======== Exercise data

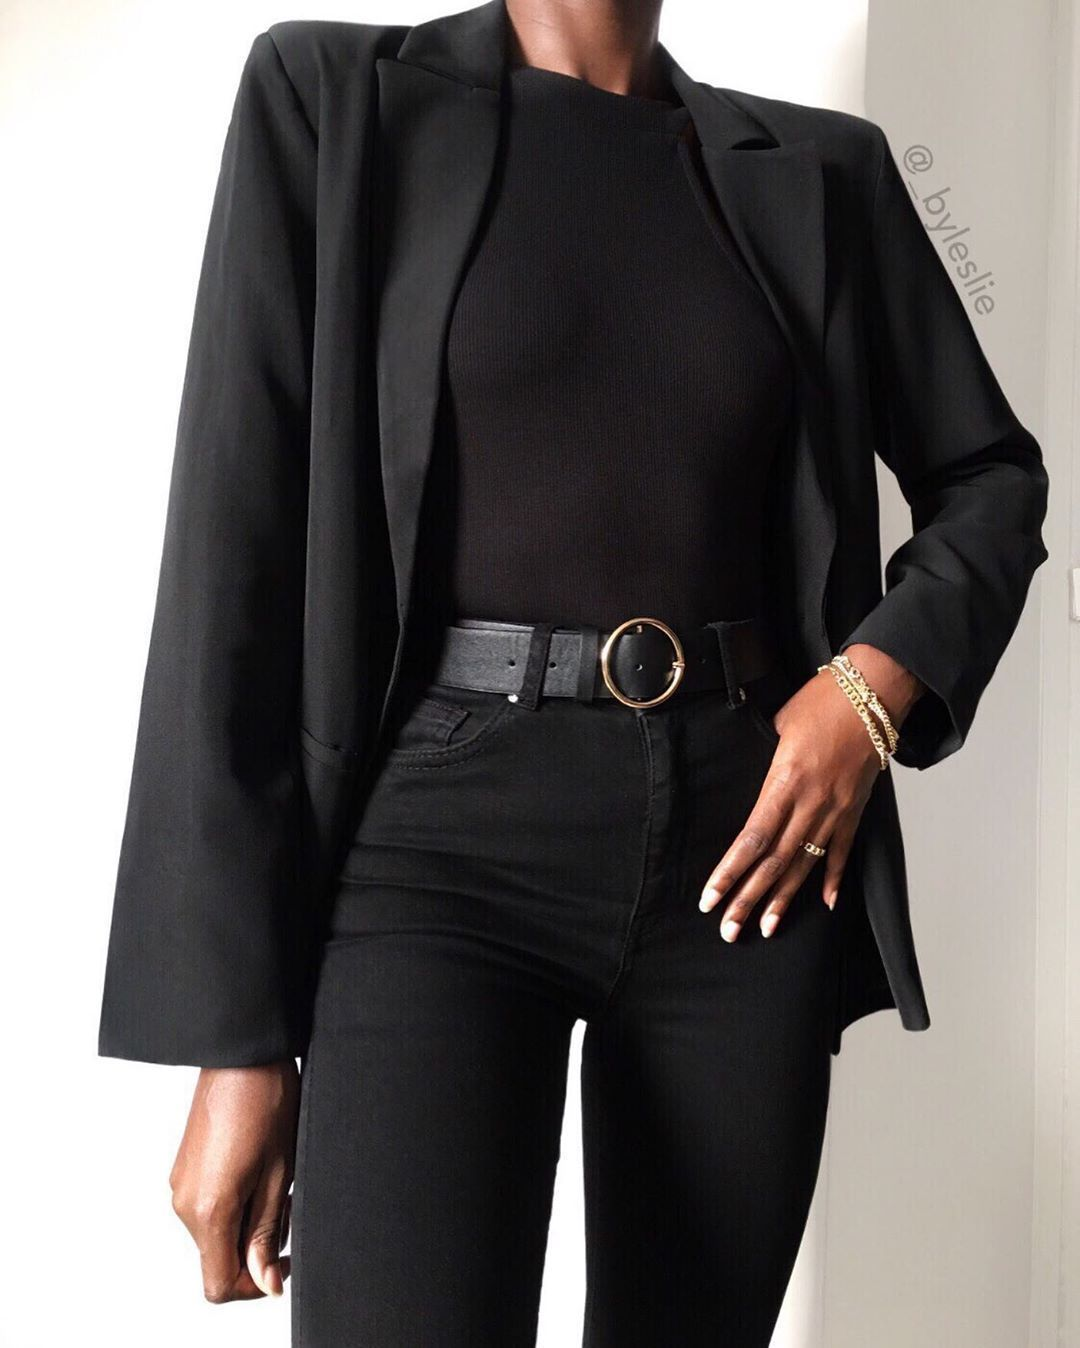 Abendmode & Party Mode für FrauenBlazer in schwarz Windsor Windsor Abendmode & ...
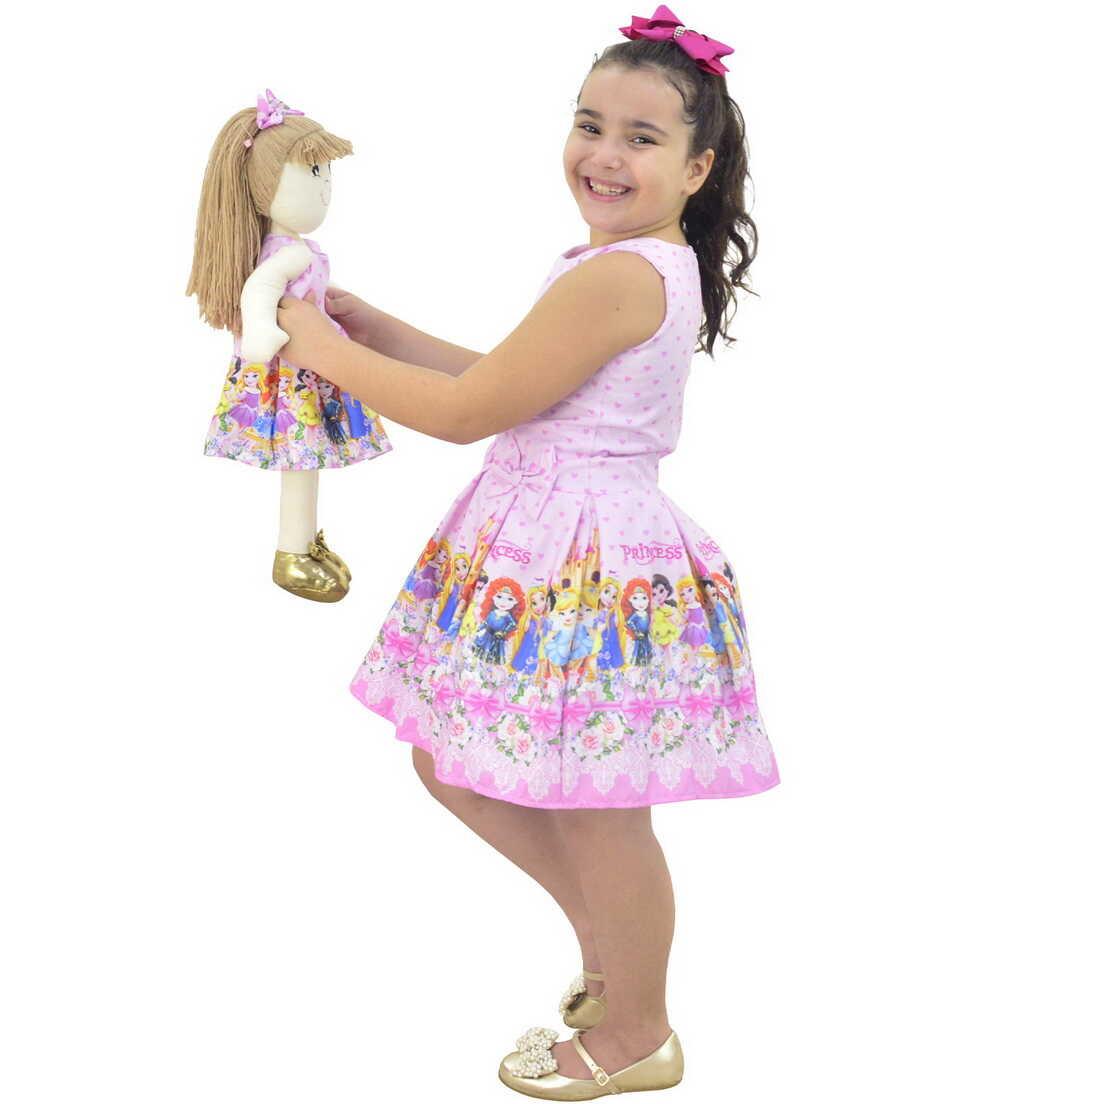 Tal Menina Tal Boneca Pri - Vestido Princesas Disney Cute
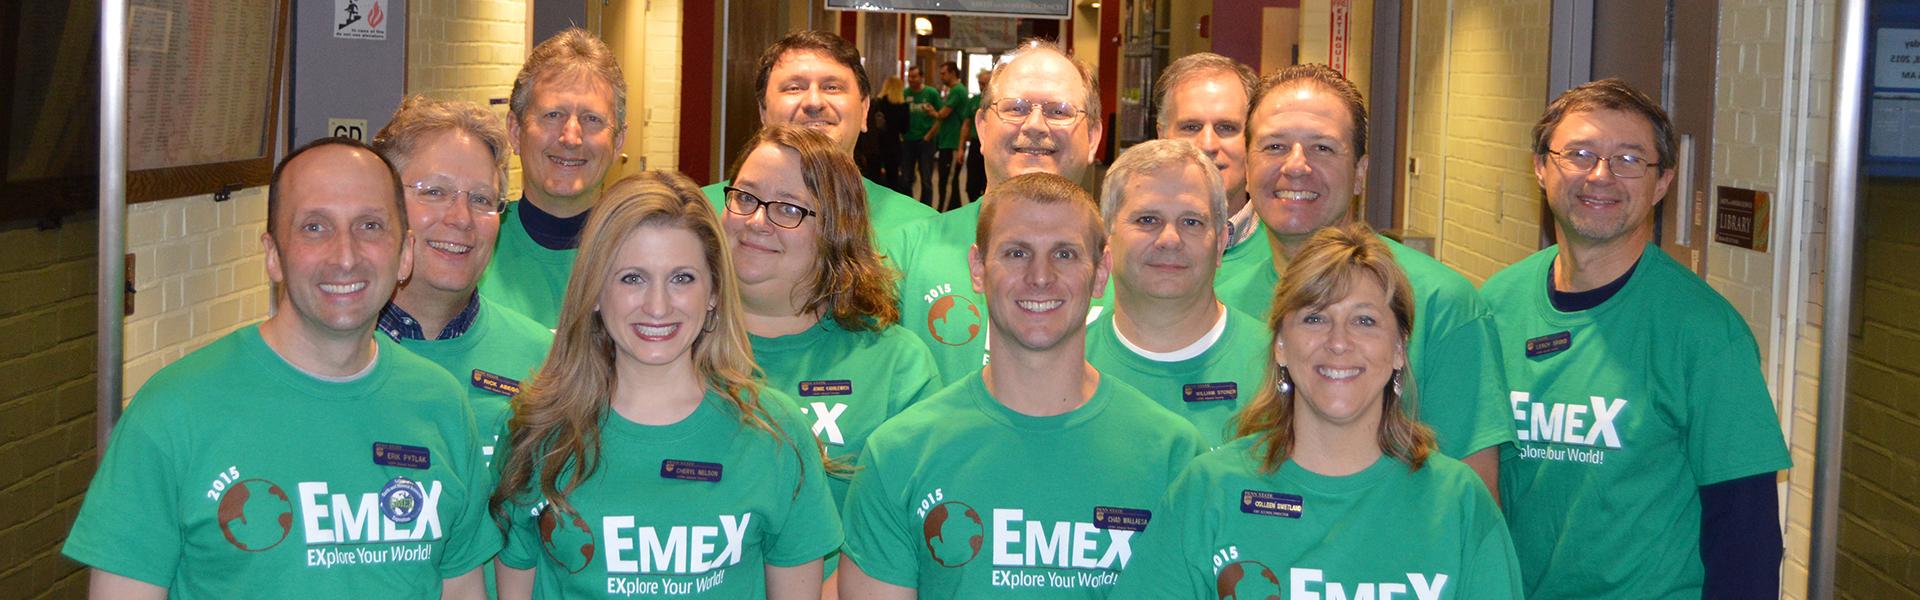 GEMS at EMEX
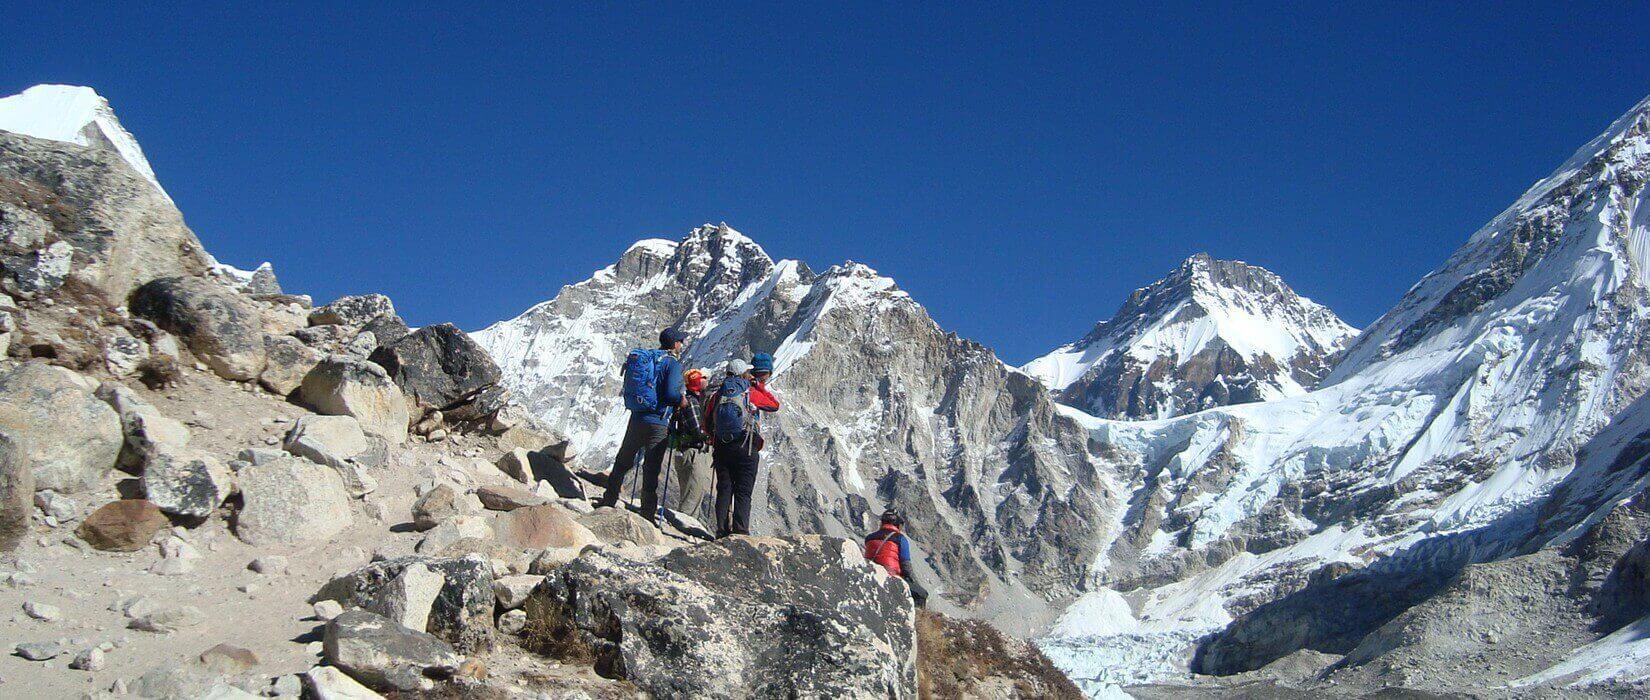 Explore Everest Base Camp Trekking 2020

================

◆ **Problem description**: Transcribe the material above word for word; images do not belong in the copy.

◆ **Result**:
 Abendmode & Party Mode für FrauenBlazer in schwarz Windsor Windsor Abendmode & ...
 Tal Menina Tal Boneca Pri - Vestido Princesas Disney Cute
 GEMS at EMEX
 Explore Everest Base Camp Trekking 2020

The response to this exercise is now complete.